The world went away.
Darger, meanwhile, had rented a megatherium, complete with howdah and zombie mahout, and ridden it to the endless rows of zombie barns, pens, and feeding sheds at the edge of town. There, Master Bones showed him the chest-high troughs that were filled with swill every morning and evening, and the rows of tin spoons the sad creatures used to feed themselves. “When each of my pretties has fed, the spoon is set aside to be washed and sterilized before it is used again,” Master Bones said. “Every precaution is taken to ensure they do not pass diseases from one to another.”
“Commendably humane, sir. To say nothing of its being good business practice.”
“You understand me well.” They passed outside, where a pair of zombies, one male and the other female, both in exceptional condition and perfectly matched in height and color of hair and skin, waited with umbrellas. As they strolled to the pens, the two walked a pace behind them, shading them from the sun. “Tell me, Mr. Darger. What do you suppose the ratio of zombies to citizens is in New Orleans?”

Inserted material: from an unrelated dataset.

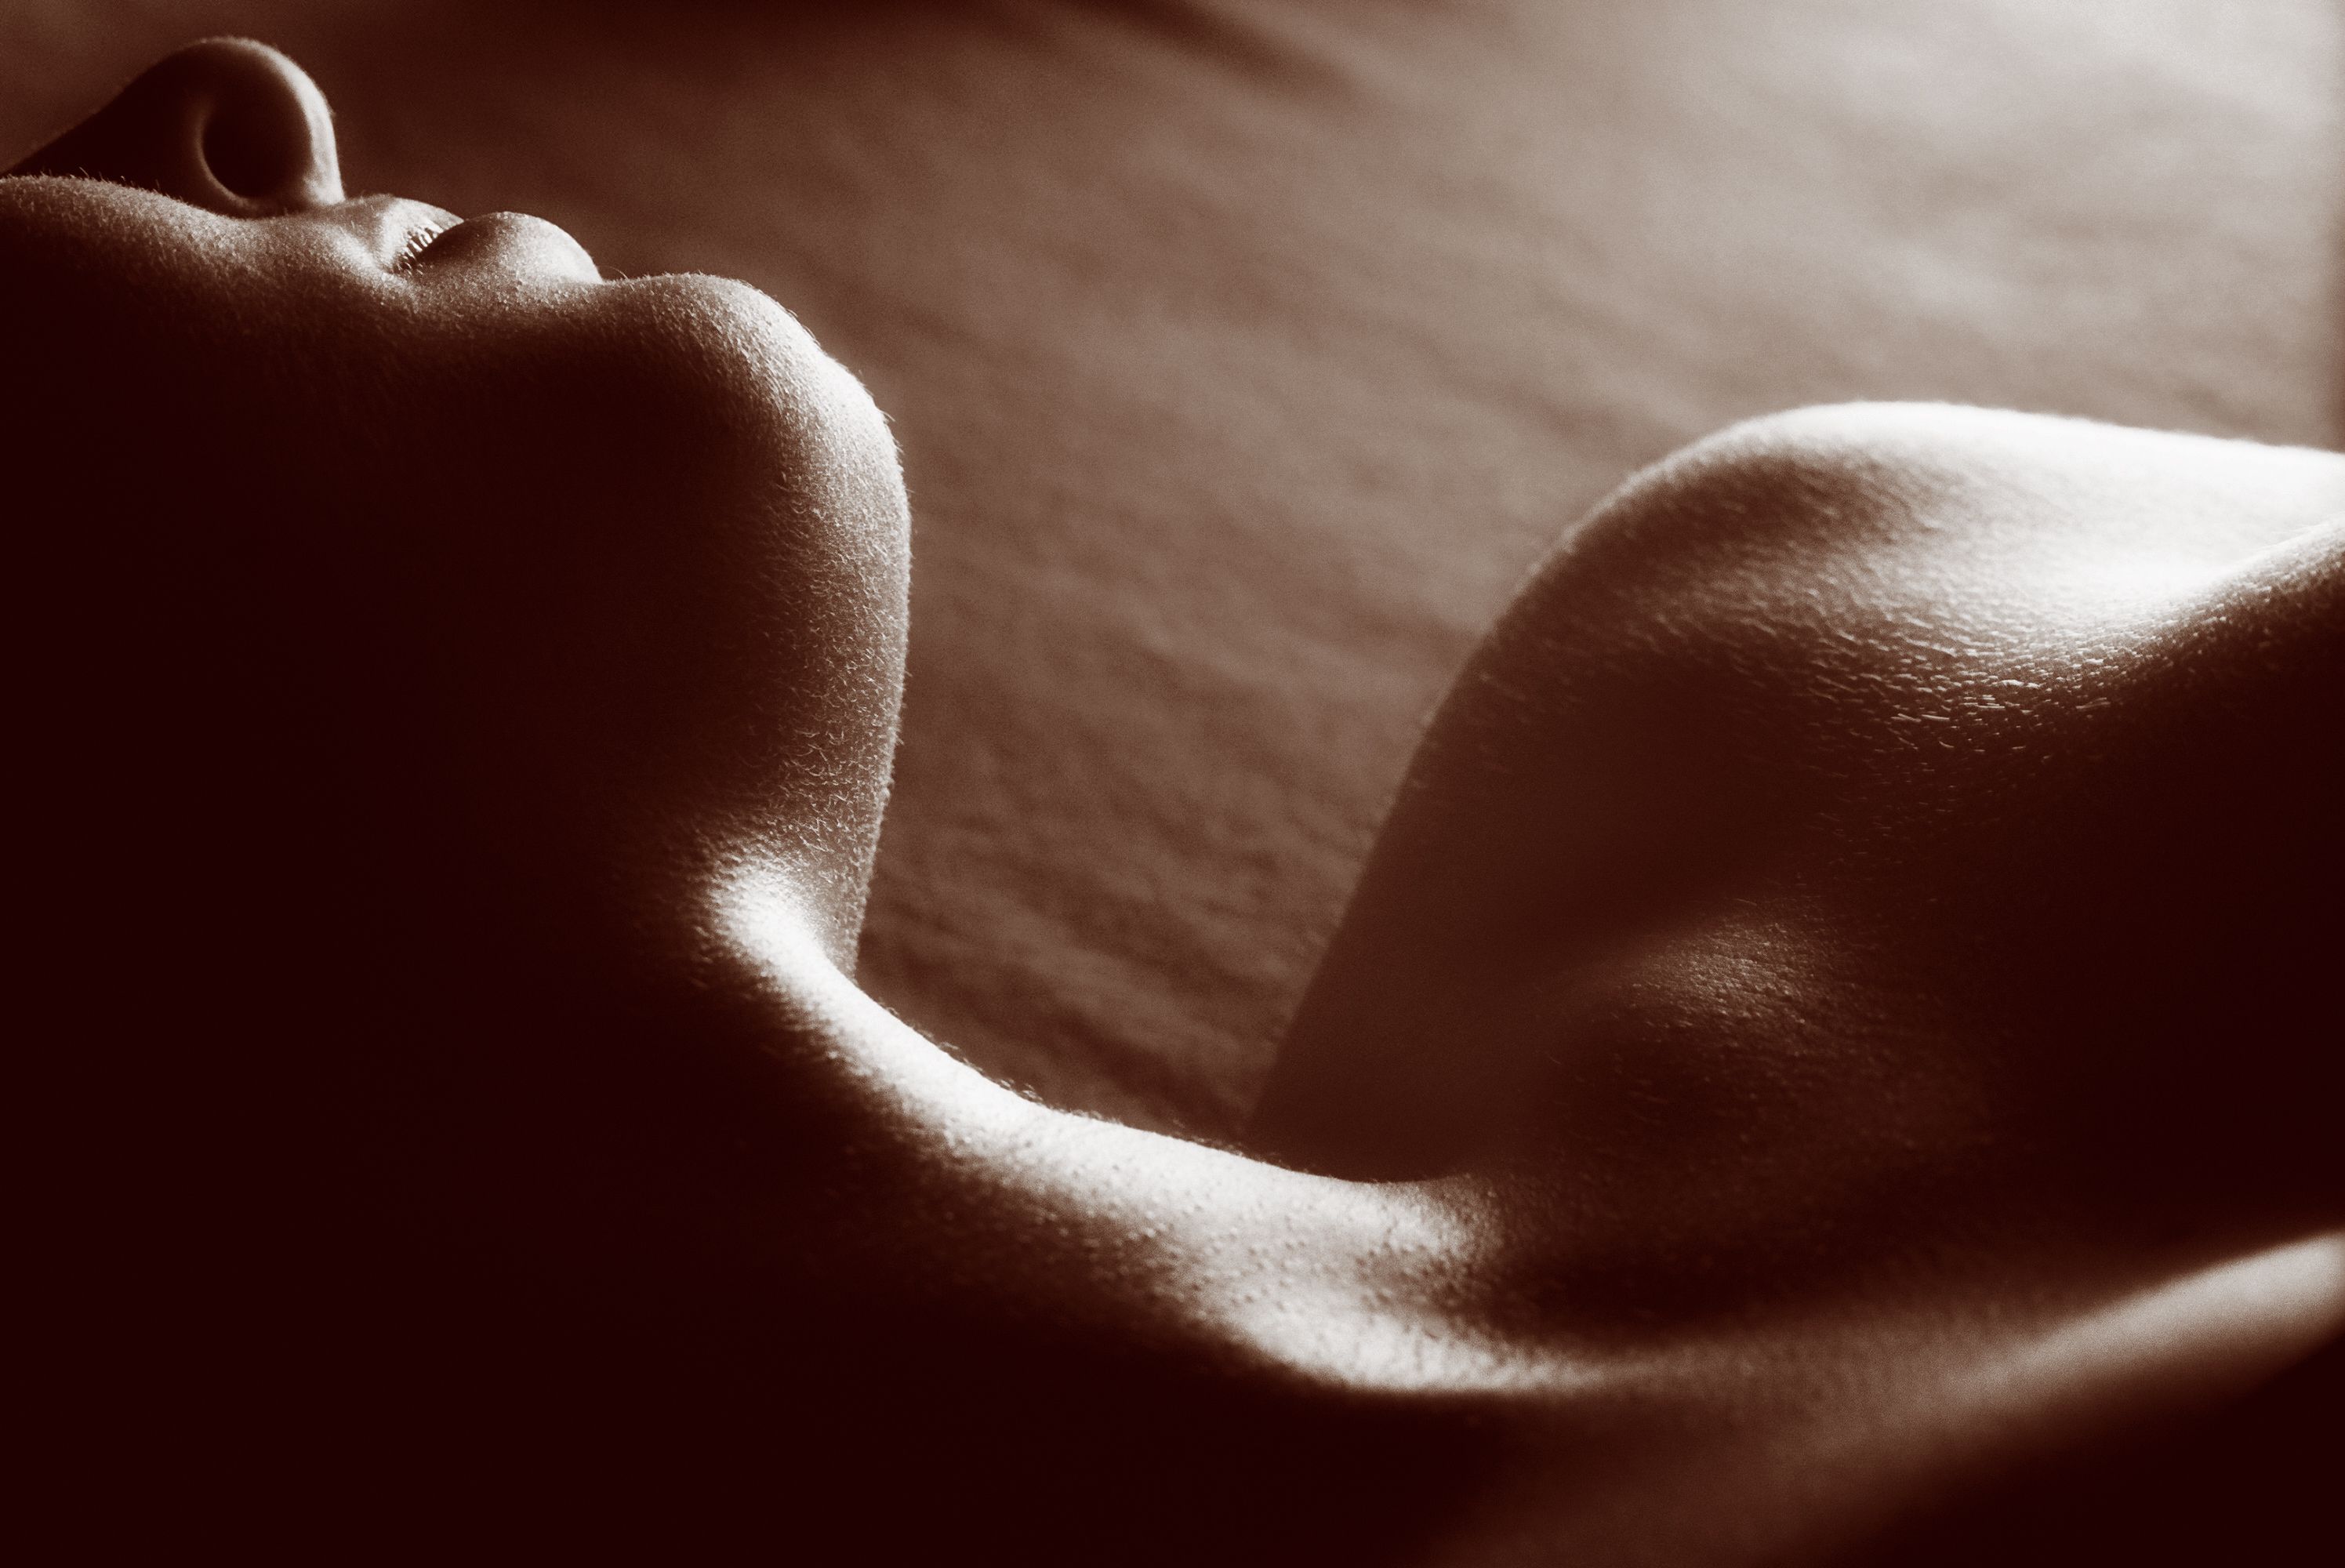 Free the nipple! Tumblr is bringing back nudity photo

Darger considered. “About even?”
“There are six zombies for every fully functioning human in the city. It seems a smaller number since most are employed as field hands and the like and so are rarely seen in the streets. But I could flood the city with them, should I wish.”
“Why on earth should you?”
Rather than answer the question, Master Bones said, “You have something I want.”

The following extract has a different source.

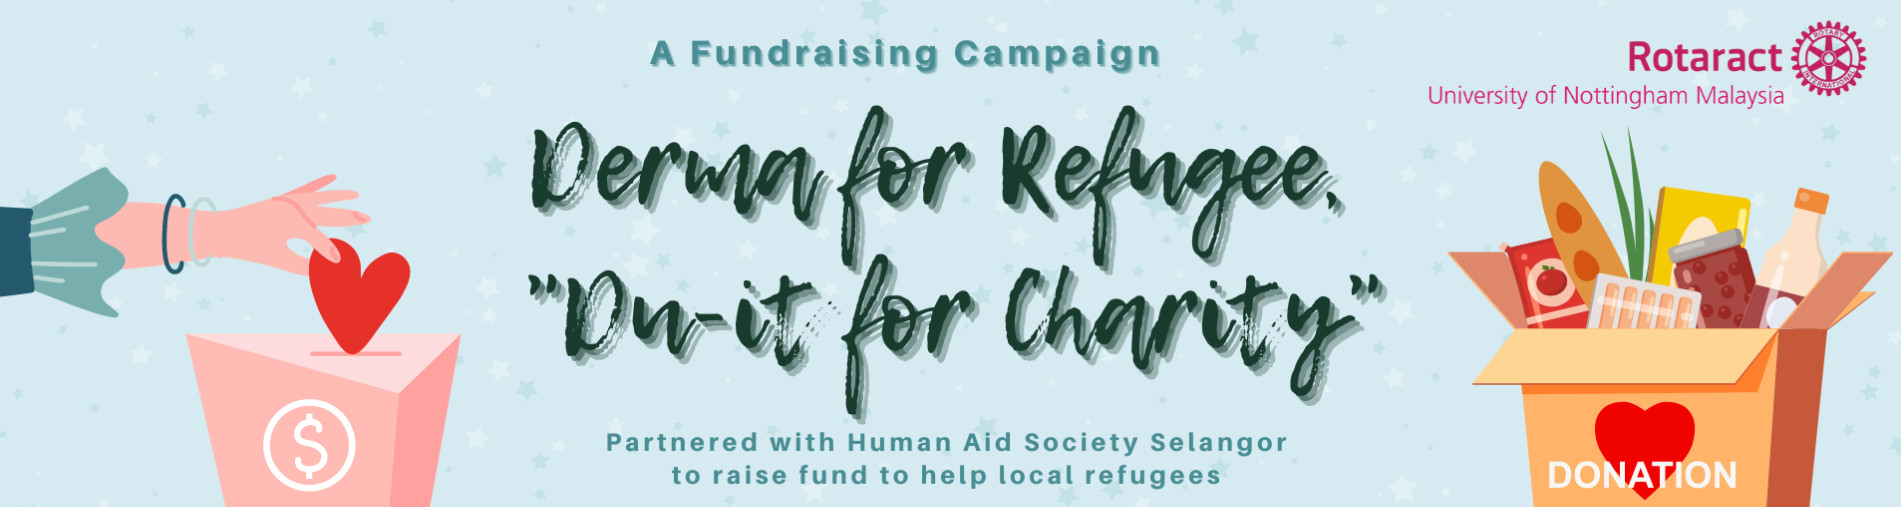 Derma For Refugee, "Du-it For Charity"
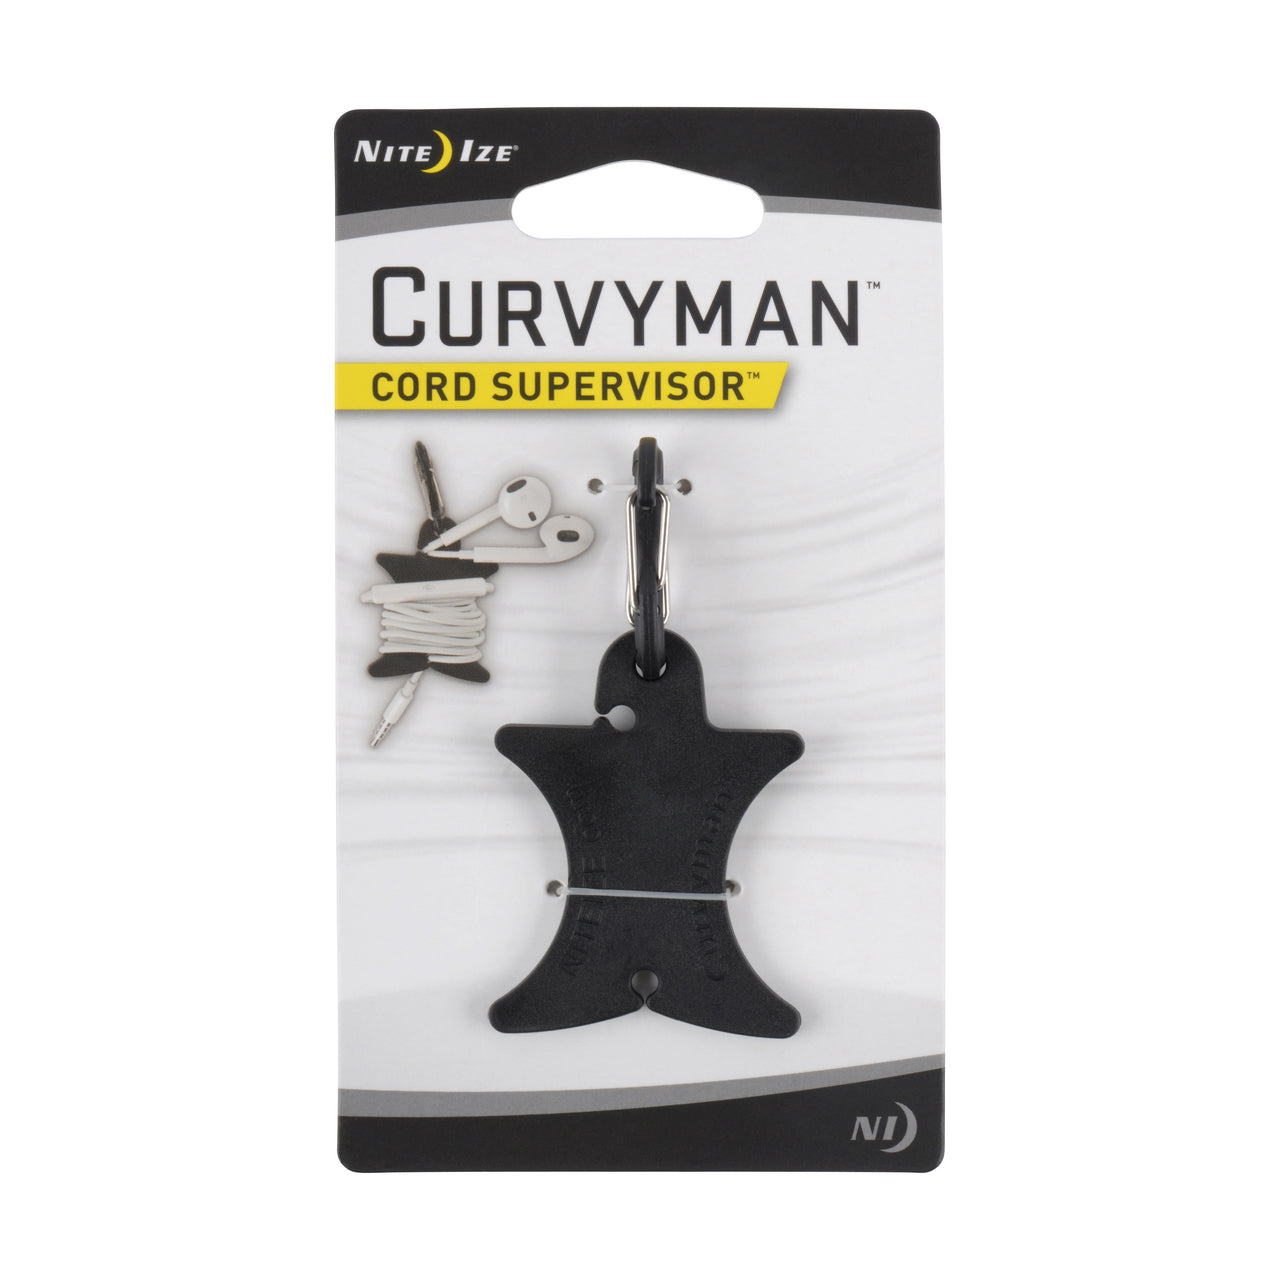 Curvyman™ Cord Supervisor™

“I fancy I know what it is. But I assure you that no amount of money could buy from me what is by definition a greater amount of money. So we have nothing to discuss.”
“Oh, I believe that we do.” Master Bones indicated the nearest of the pens, in which stood a bull of prodigious size and obvious strength. It was darkly colored with pale laddering along its spine, and its horns were long and sharp. “This is a Eurasian aurochs, the ancestor of our modern domestic cattle. It went extinct in seventeenth-century Poland and was resurrected less than a hundred years ago. Because of its ferocity, it is impractical as a meat animal, but I keep a small breeding herd for export to the Republic of Baja and other Mexican states where bullfighting remains popular. Bastardo here is a particularly bellicose example of his kind.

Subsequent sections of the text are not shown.